The Federal Government Just Funded Psychedelic Research at Scale. ARPA-H's $139 Million EVIDENT Program Changes Everything.
May 6, 2026 · 7 min read
Claire Cummings
Johns Hopkins is running eight psilocybin trials. The University of Wisconsin is studying whether the psychedelic experience itself matters or whether the neurobiological mechanism alone drives therapeutic benefit. Diamond Therapeutics is testing psilocybin for generalized anxiety disorder. Yale is investigating pregnenolone for alcohol use disorder. And the federal government is paying for all of it.
On April 21, 2026, the Advanced Research Projects Agency for Health announced the first thirteen research teams selected for EVIDENT — Evidence-Based Validation & Innovation for Rapid Therapeutics in Behavioral Health. The initiative will fund up to $139.4 million in research aimed at solving the fundamental measurement problem that has held back psychiatric treatment for decades: how do you objectively measure whether a mental health therapy actually works?
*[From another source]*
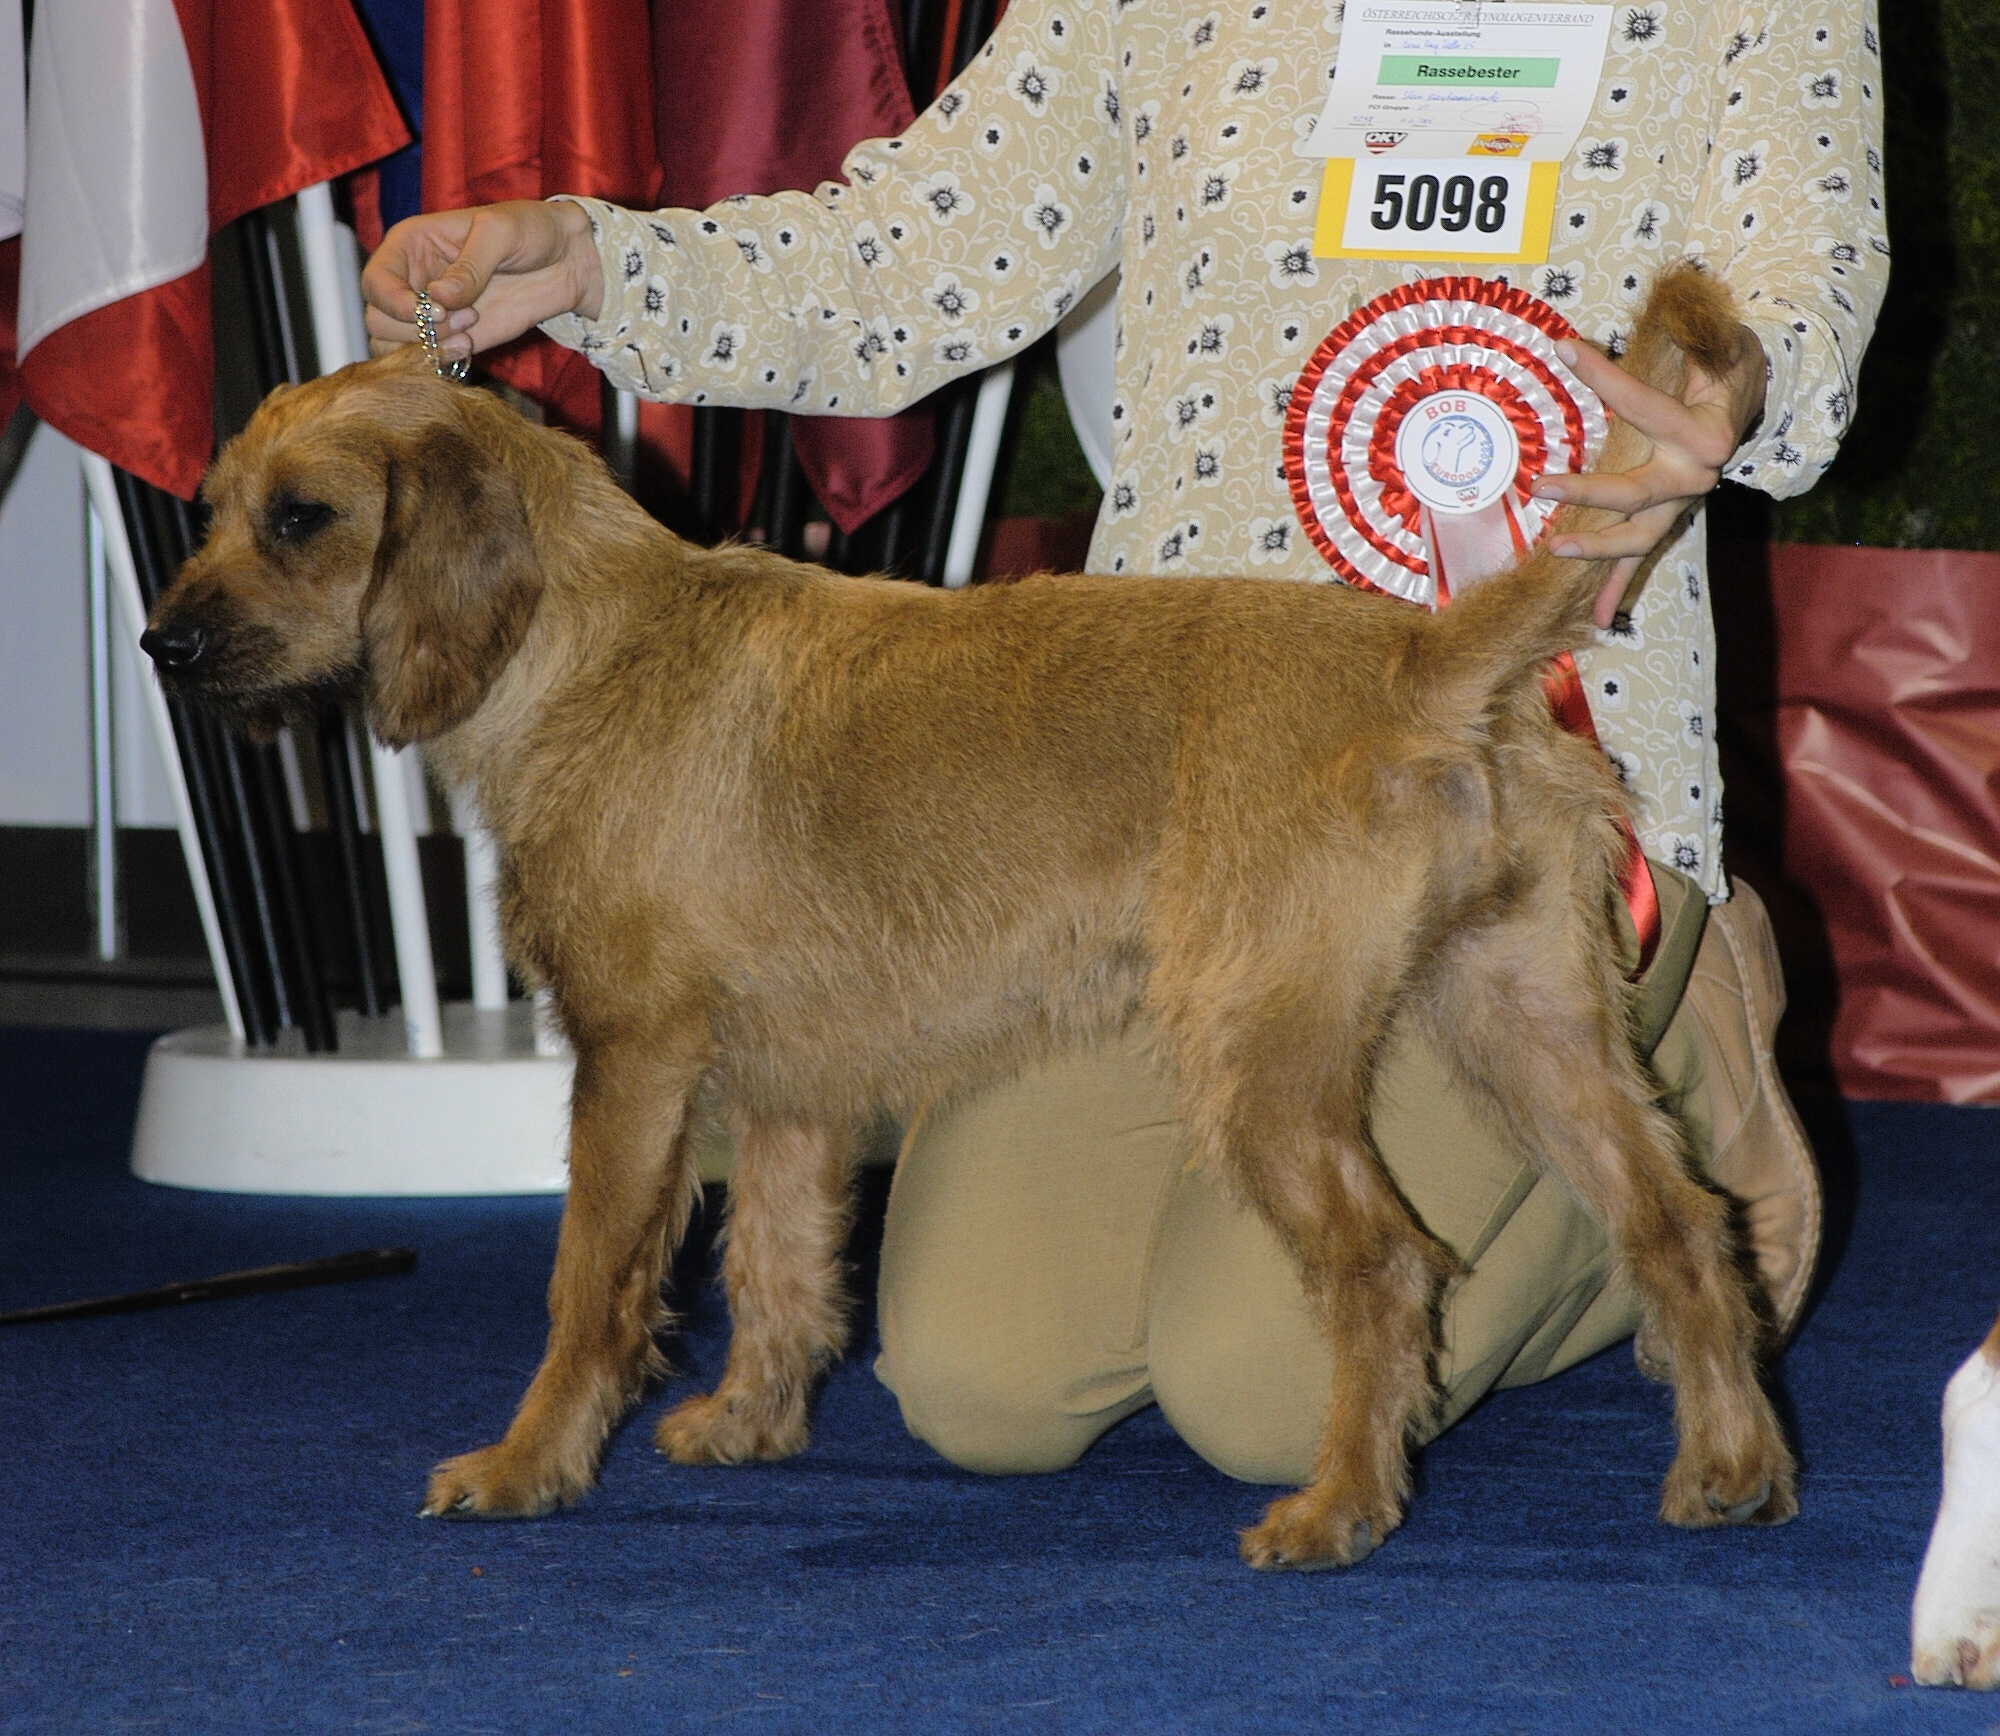 Styrian Coarse-haired Hound Dog: Styrian Coarse Haired Styrian Hound Breed

At least $50 million of that total is earmarked specifically for psychedelic research, designated to match state government investments under President Trump's Executive Order to Accelerate Medical Treatments for Serious Mental Illness. The federal government has funded psychedelic studies before, in small doses through NIH and the VA. But EVIDENT represents something categorically different — a coordinated, heavily resourced federal program that treats psychedelics not as fringe science but as a mainstream therapeutic frontier requiring rigorous clinical infrastructure.
For researchers, biotech companies, digital health startups, and academic medical centers working in behavioral health, this is the largest federal funding commitment to the field in a generation.
The Measurement Problem EVIDENT Is Designed to Solve
Psychiatric medicine operates with a measurement deficit that would be unacceptable in any other branch of clinical science. Oncologists measure tumor size. Cardiologists measure ejection fraction. Psychiatrists ask patients to fill out questionnaires.
The reliance on subjective self-report instruments — the PHQ-9 for depression, the GAD-7 for anxiety, the AUDIT for alcohol use — creates cascading problems for drug development. Clinical trials are expensive because subjective endpoints require larger sample sizes to reach statistical significance. FDA approval pathways are uncertain because regulators cannot easily distinguish placebo response from genuine therapeutic effect. And payers resist covering new treatments because the evidence base rests on instruments that even their creators acknowledge are imprecise.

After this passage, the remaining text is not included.